RECORDS SHOWN
((

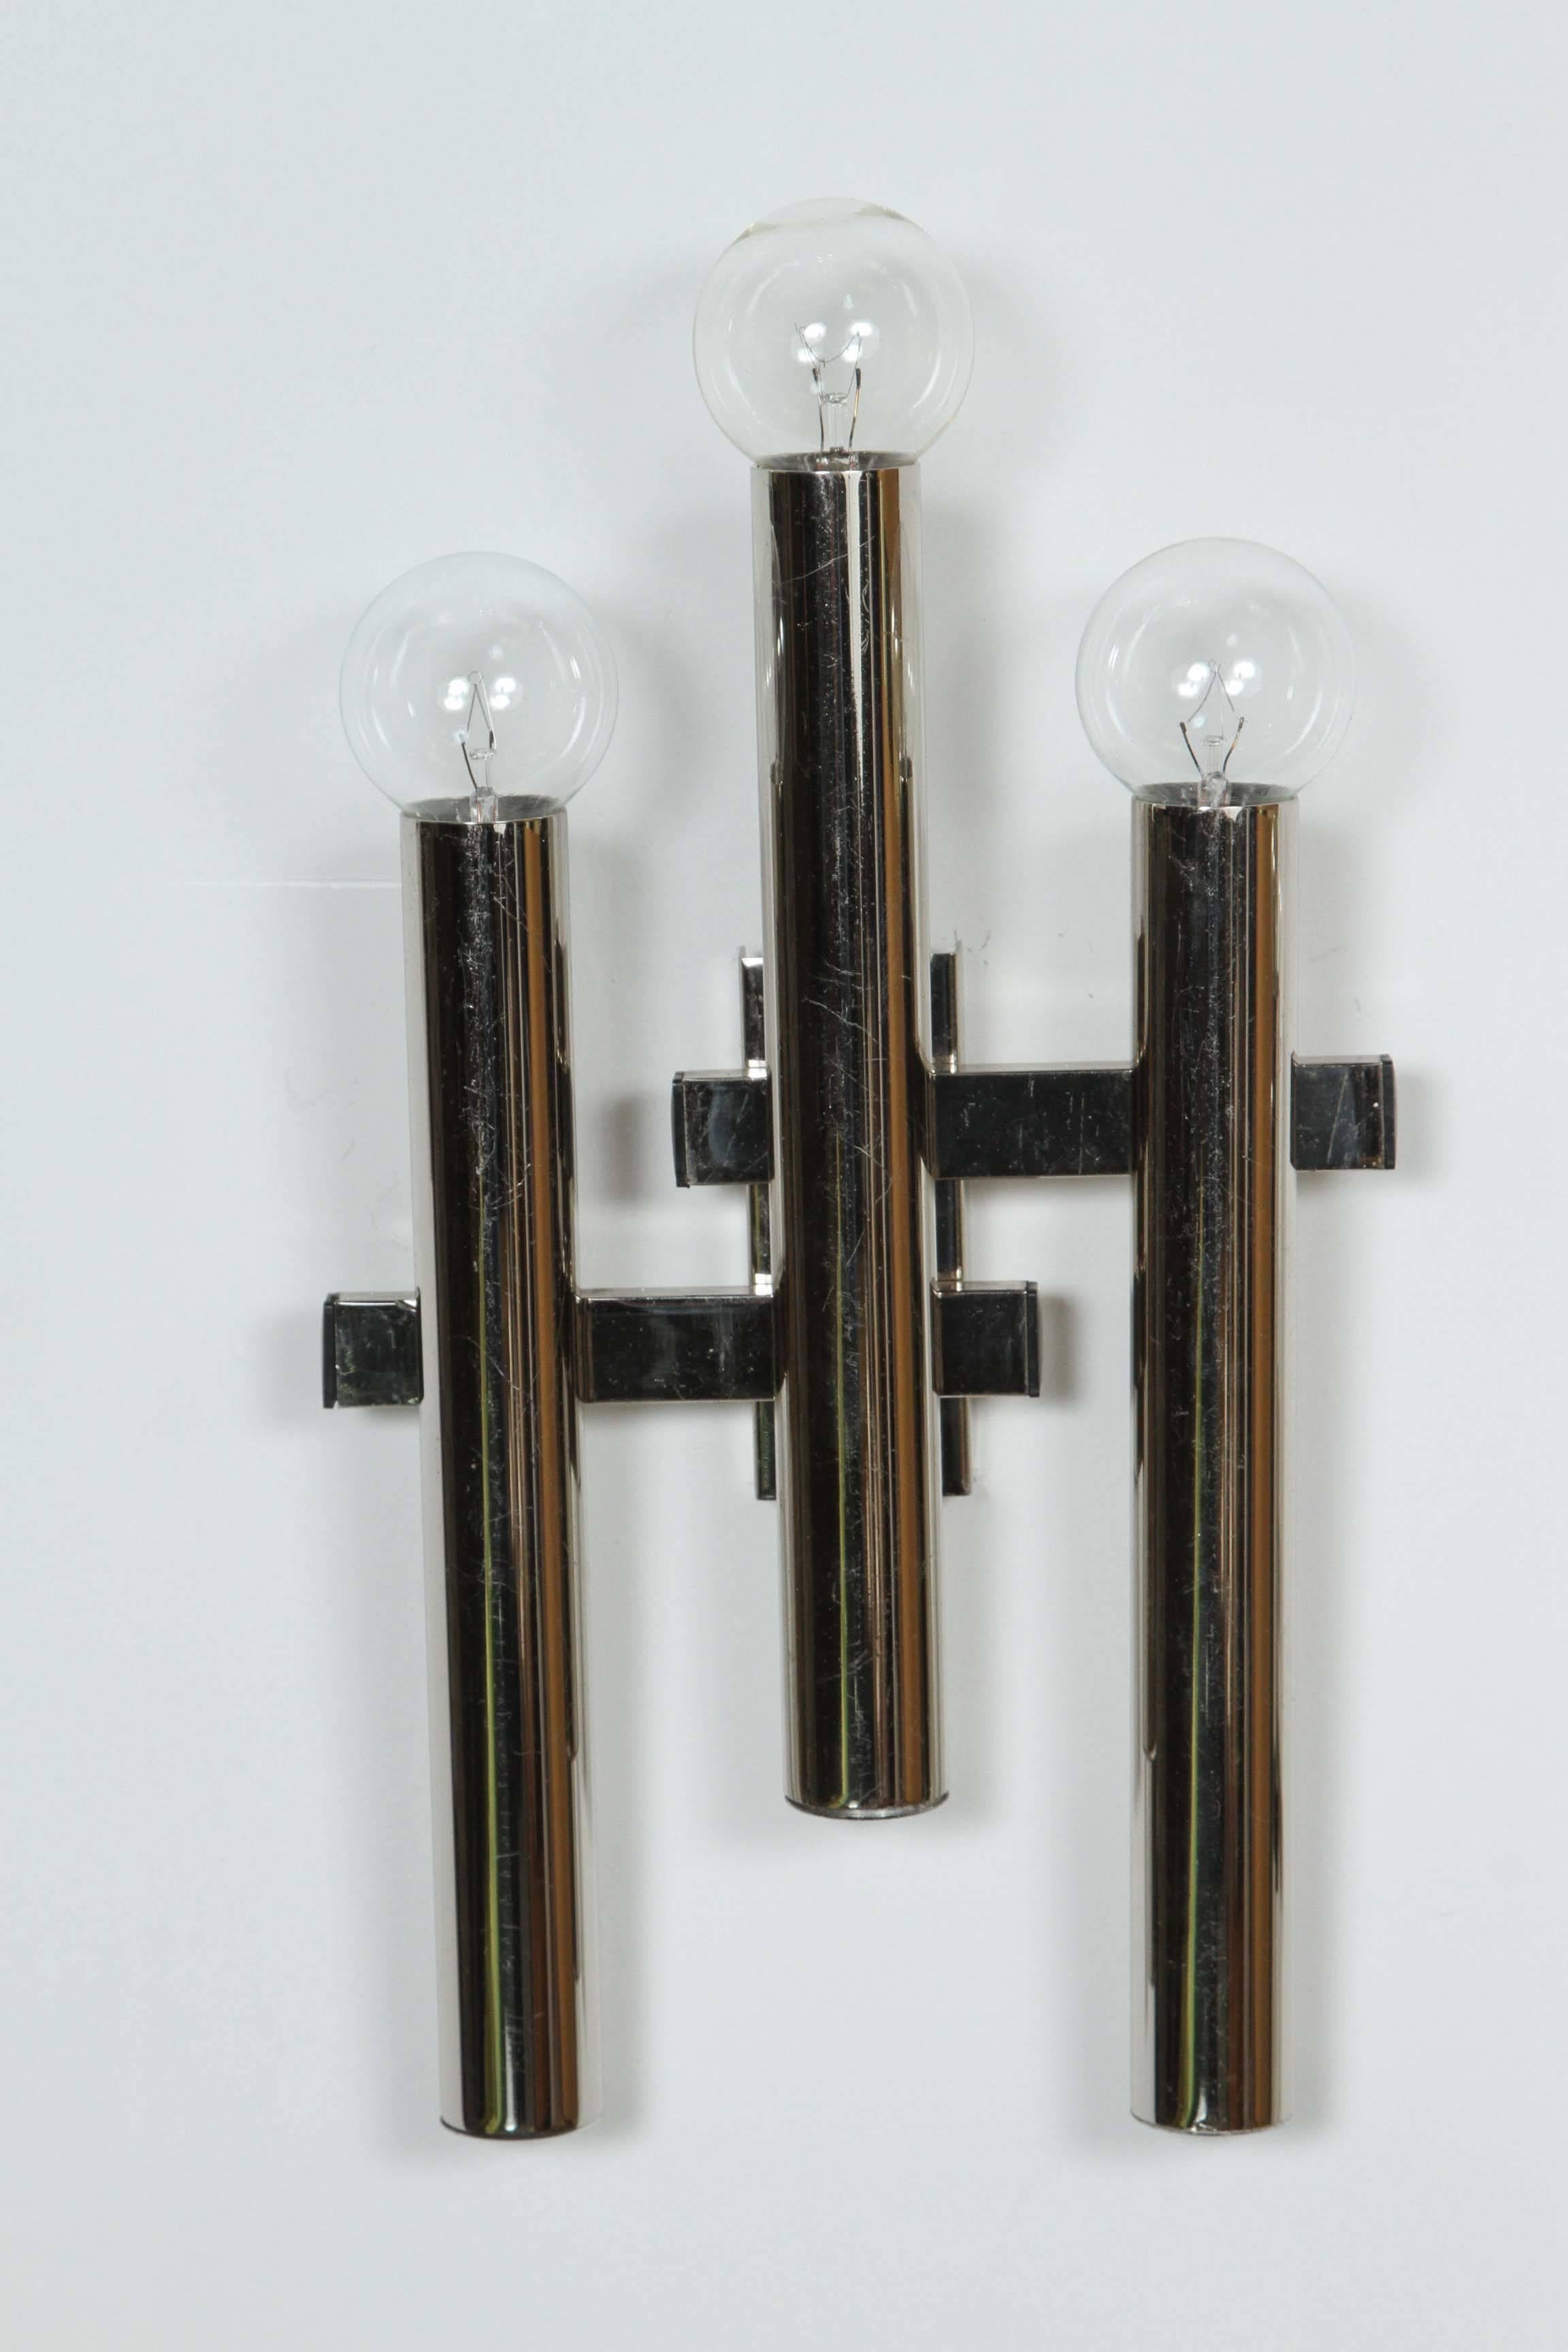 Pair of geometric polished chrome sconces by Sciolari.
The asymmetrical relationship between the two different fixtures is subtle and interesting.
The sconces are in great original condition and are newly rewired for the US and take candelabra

))
((

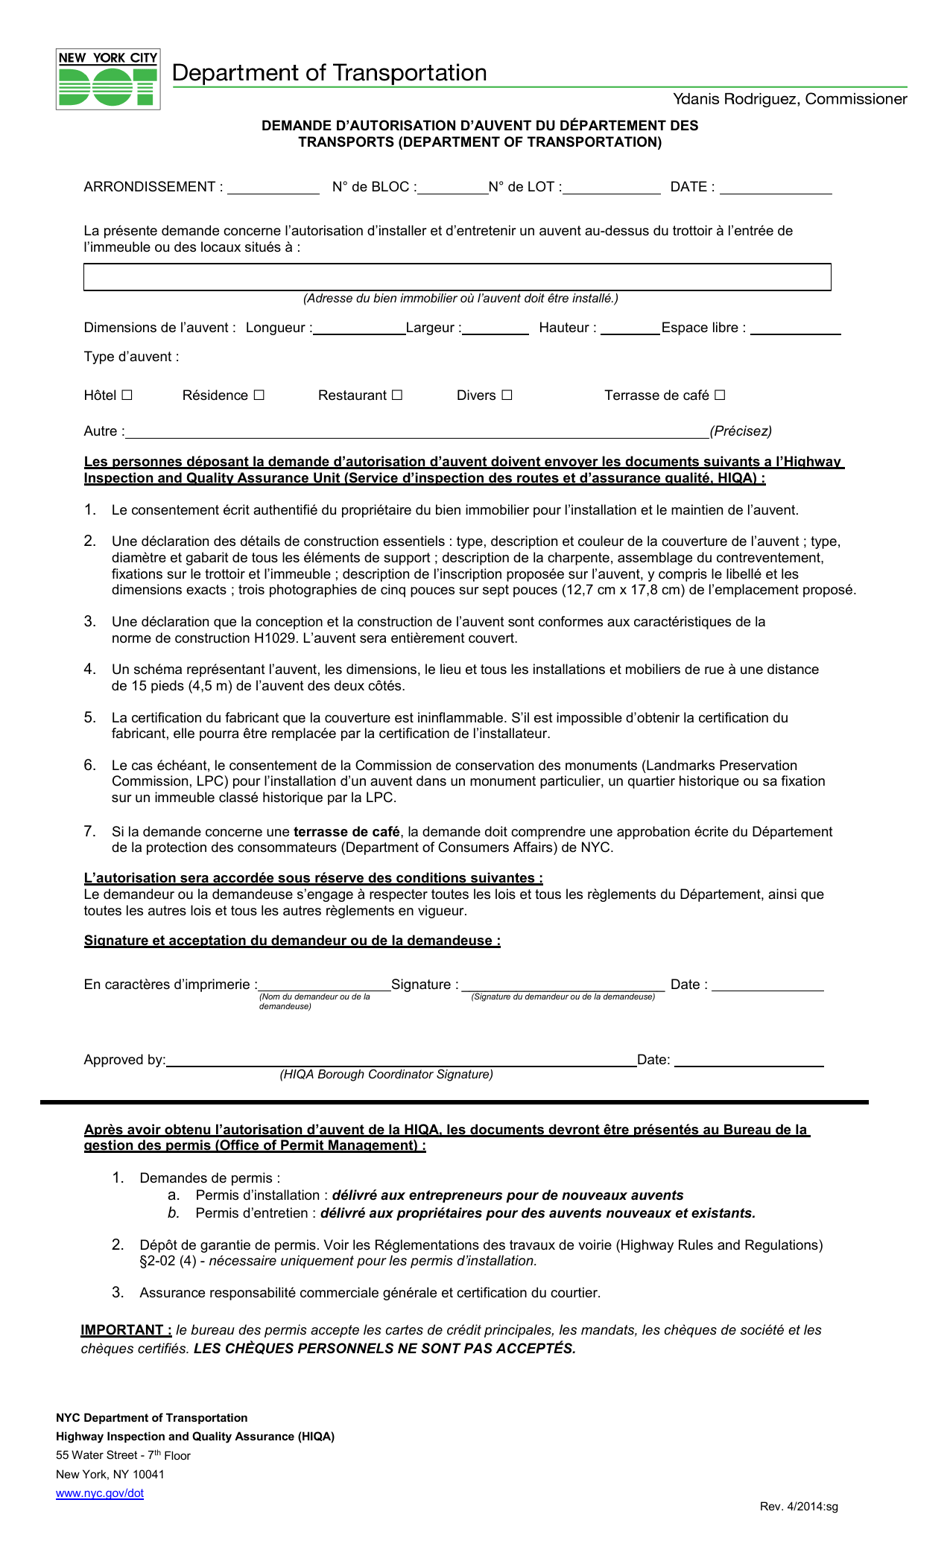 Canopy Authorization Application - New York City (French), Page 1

))

In the listing above, find the line with "The asymmetrical relationship" and the line with "The sconces are", then print exactly those lines and every line between them.

The asymmetrical relationship between the two different fixtures is subtle and interesting.
The sconces are in great original condition and are newly rewired for the US and take candelabra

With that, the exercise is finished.